A very important meeting took place earlier today on the South Side of Everest where the team leaders came together to discuss how they'll handle the logistics of fixing ropes to the summit and setting the high camps. The teams will now share the workload and resources, in exchange for everyone gaining access to the ropes on the route, as they start to climb up to Camp 3, 4 and beyond.
According to an update from Tim Rippel, leader of the Peak Freaks, the schedule has been set in place and if everything goes according to plan the ropes will be fixed all the way to the top around May 5-7. That means the first summiteers of the year, in this case the Sherpas fixing the ropes, will top out in the first week of May. The climbers will soon follow with some of the more experienced and independent teams going up first and the larger, more commercial, squads following behind.

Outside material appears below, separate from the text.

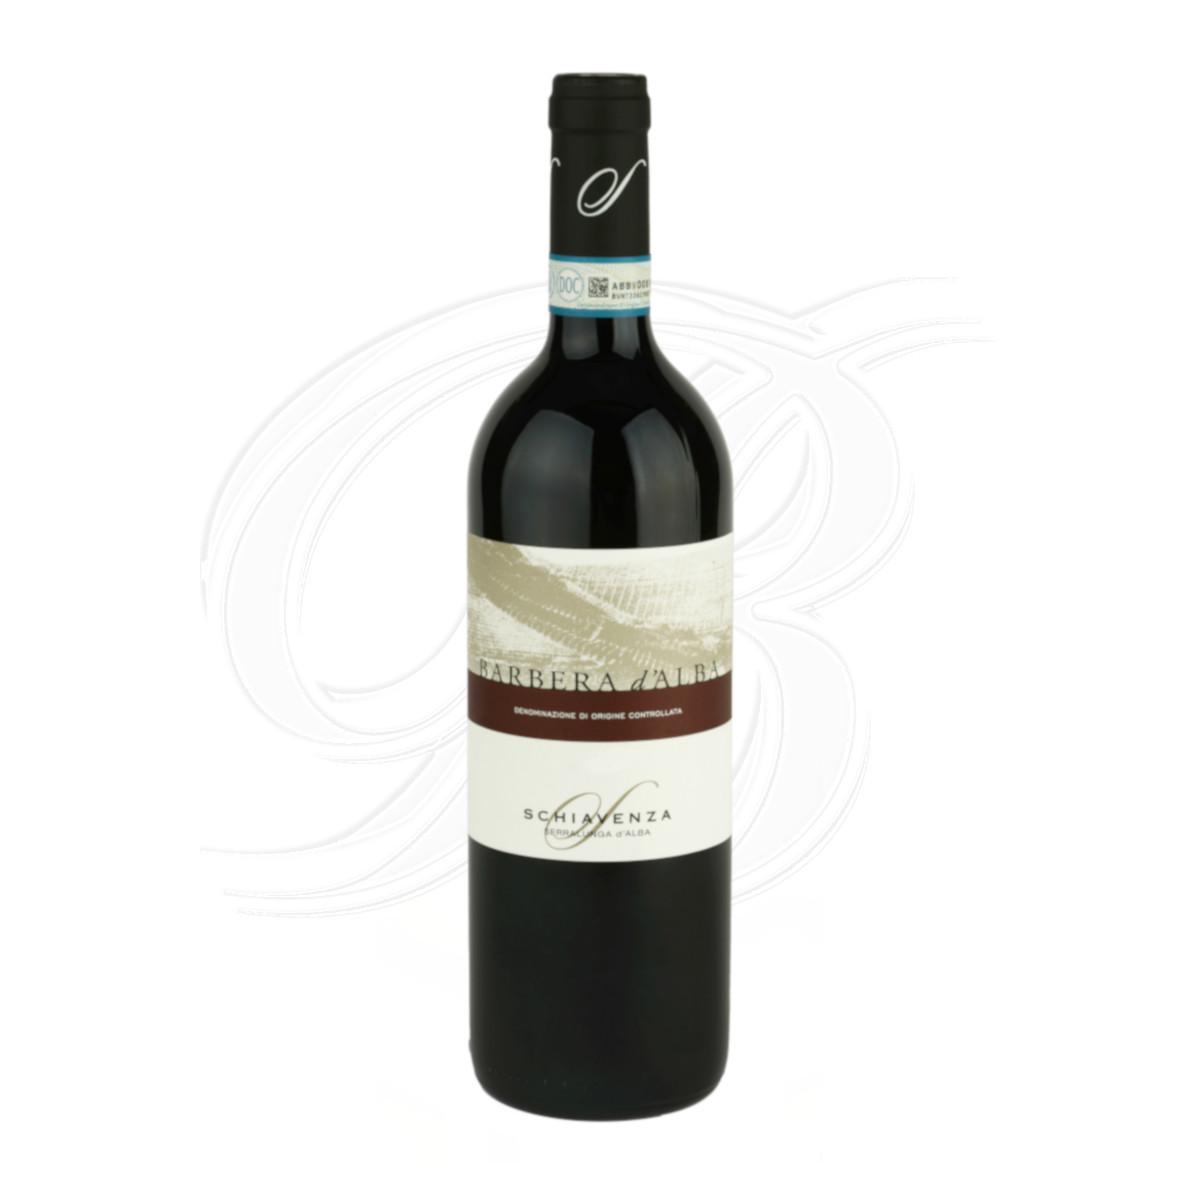 Barbera d'Alba vom Weingut Schiavenza in Serralunga d'Alba im Piemont

Tim notes that there are still plenty of details to work out and a second meeting will take place tomorrow to finalize the approach. He says there are some teams still arriving and getting settled in Base Camp and they'll need to be brought up to speed, but the plan is in place and most of the larger teams know their role moving forward.
This kind of cooperation and organization hasn't always taken place on the South Side. Much of the credit for the teams working together should go to Russell Brice from Himex. For years Brice operated on the Chinese controlled North Side of the mountain where his squad usually took charge of fixing ropes and handling the logistic, in part because no one else did. But after getting squeezed off the North Side when Tibet was closed off to travelers a few years back, Himex made the jump to the more stable South Side where Russell brought his organizational skills to bear and convinced the other teams to cooperate a bit more with one another. The system has worked well ever since and it seems to have become the standard approach on everest now.
Mark May 5-7 on your calendar. It looks like things will REALLY start to get interesting around then. Until that time, there is still a lot of work to be done.